-- LISTED ENTRIES follows --

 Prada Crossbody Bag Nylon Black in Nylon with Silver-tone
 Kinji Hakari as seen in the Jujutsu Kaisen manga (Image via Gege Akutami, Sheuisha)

-- LISTED ENTRIES concluded --
-- LISTED ENTRIES follows --

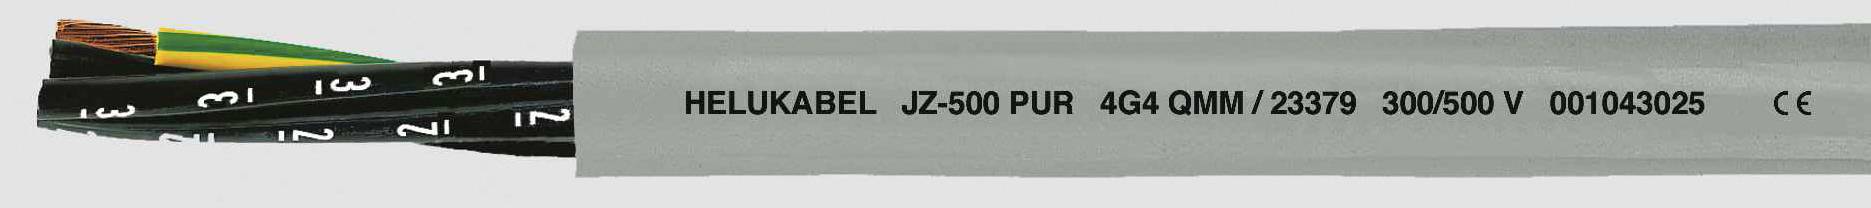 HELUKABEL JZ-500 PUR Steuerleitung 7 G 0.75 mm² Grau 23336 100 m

-- LISTED ENTRIES concluded --

* _WHAT THE EXERCISE ASKS_
All lines in the listing above from the line containing "Prada Crossbody Bag" to the line containing "Kinji Hakari as", inclusive, should be retyped exactly; no other lines should appear.

* _EXPECTED OUTPUT_
 Prada Crossbody Bag Nylon Black in Nylon with Silver-tone
 Kinji Hakari as seen in the Jujutsu Kaisen manga (Image via Gege Akutami, Sheuisha)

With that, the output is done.